题意:为什么要“解开”OpenAI Gym?
问题背景:
I'm trying to get some insights into reinforcement learning while using openAI gym as a learning environment. I do this by reading the book Hands-on reinforcement learning with Python. In this book, some code is provided.

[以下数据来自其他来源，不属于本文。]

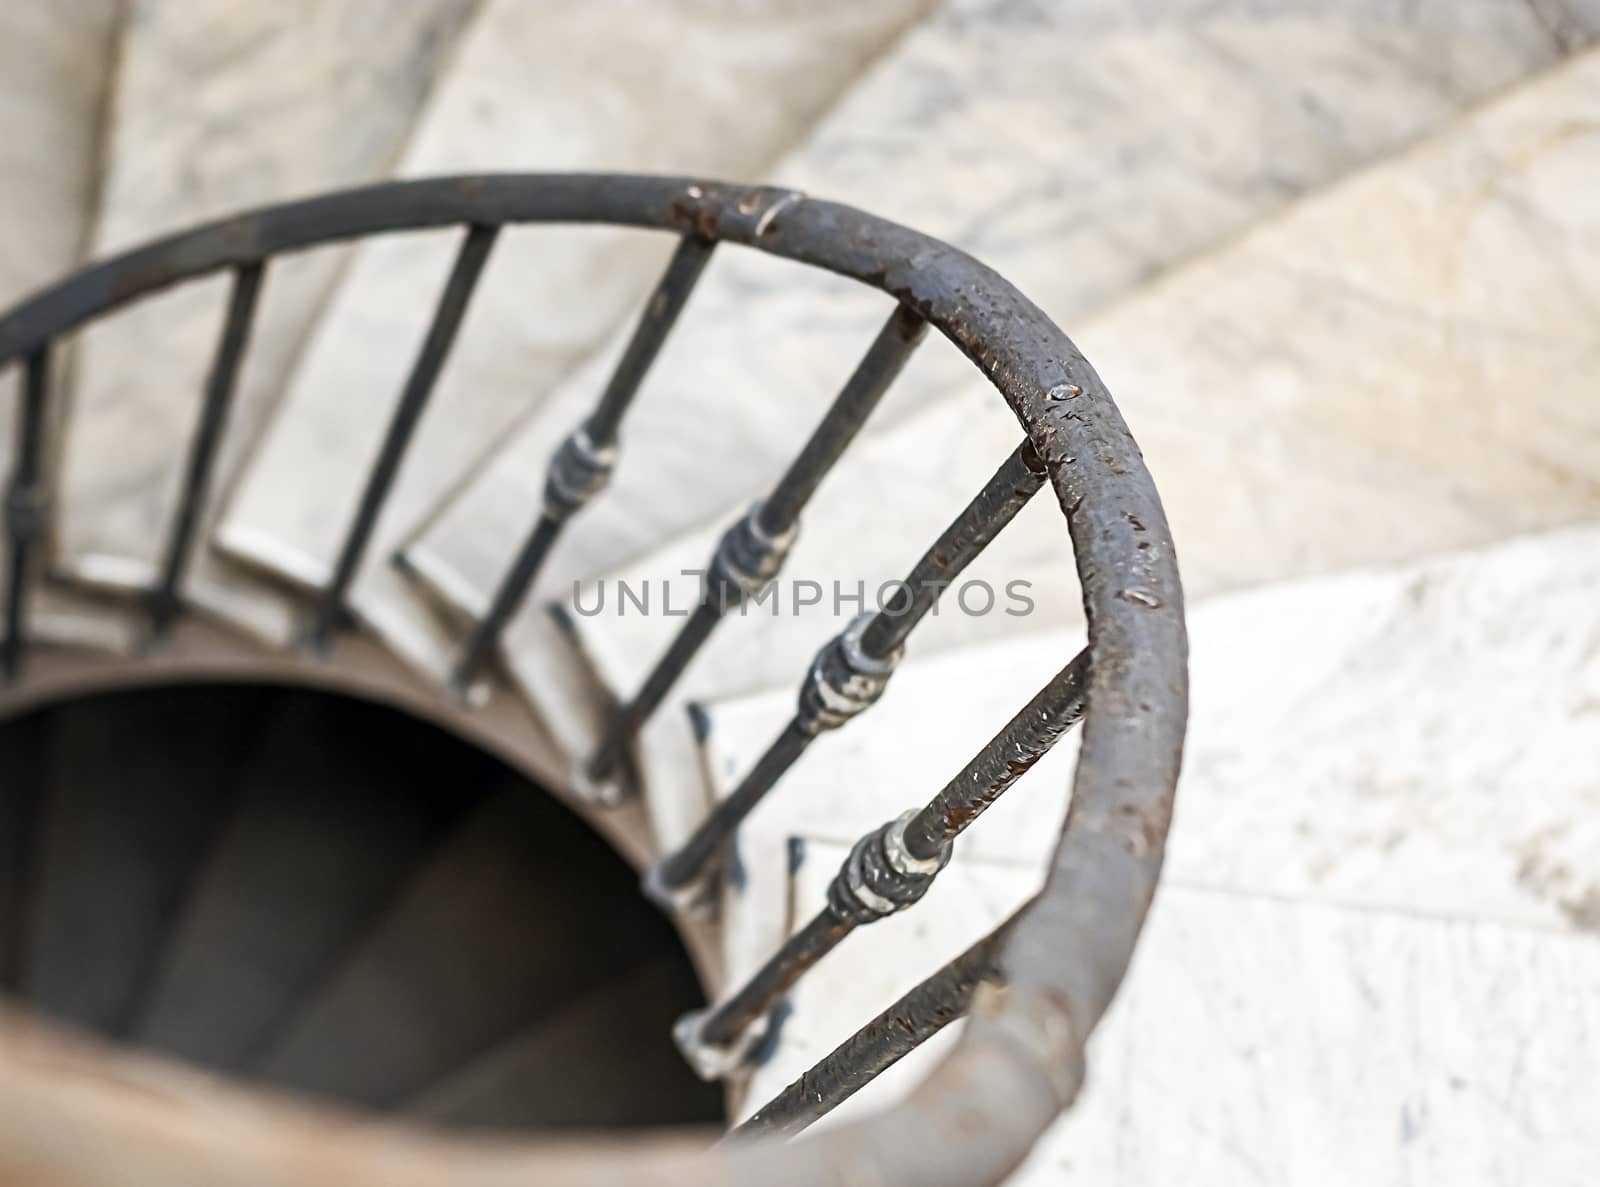 ancient spiral staircase with marble steps and wrought iron handrail. Architecture and circular shape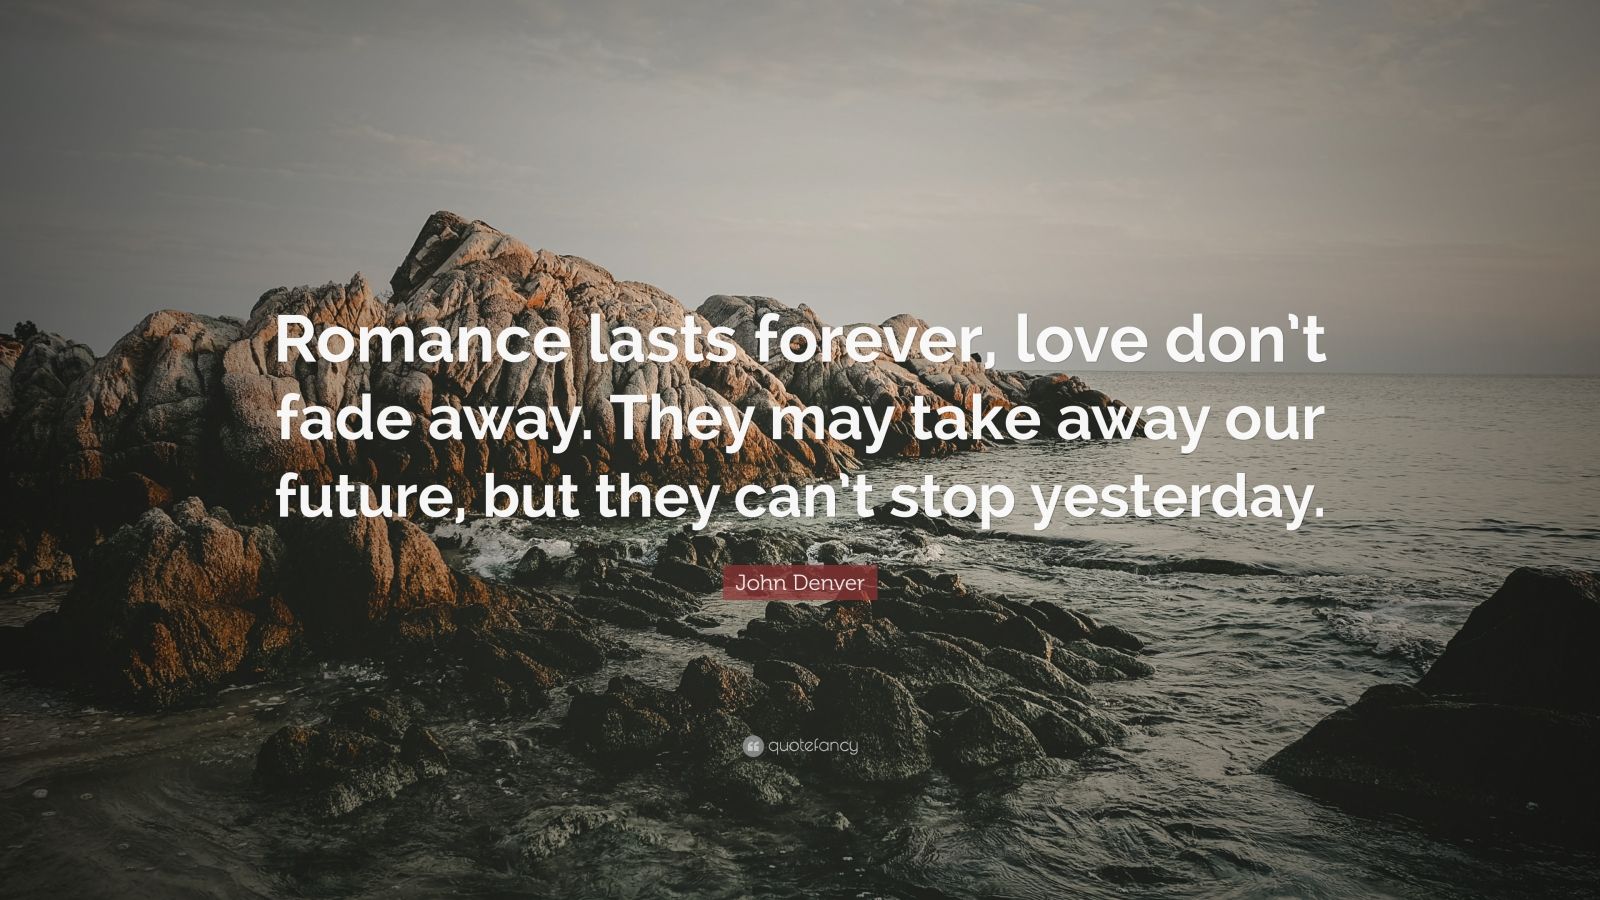 John Denver Quote: “Romance lasts forever, love don't fade away. They may  take away our

Often, the code doesn't work, because I have to unwrap it first, as shown in: openai gym env.P, AttributeError 'TimeLimit' object has no attribute 'P'
我正在尝试通过使用OpenAI Gym作为学习环境来深入了解强化学习。我通过阅读《使用Python的动手强化学习》这本书来实现这一点。在这本书中,提供了一些代码示例。然而,这些代码经常无法直接运行,因为我需要先对它们进行“展开”操作,正如我在尝试访问openai gym env.P
时遇到的AttributeError: 'TimeLimit' object has no attribute 'P'
错误所示。
However, I personally am still interested in the WHY of this unwrapping. Why do you need to unwrap? What does this do exactly? And why isn't it coded like that in the book? Is it outdated software as Giuliov assumed?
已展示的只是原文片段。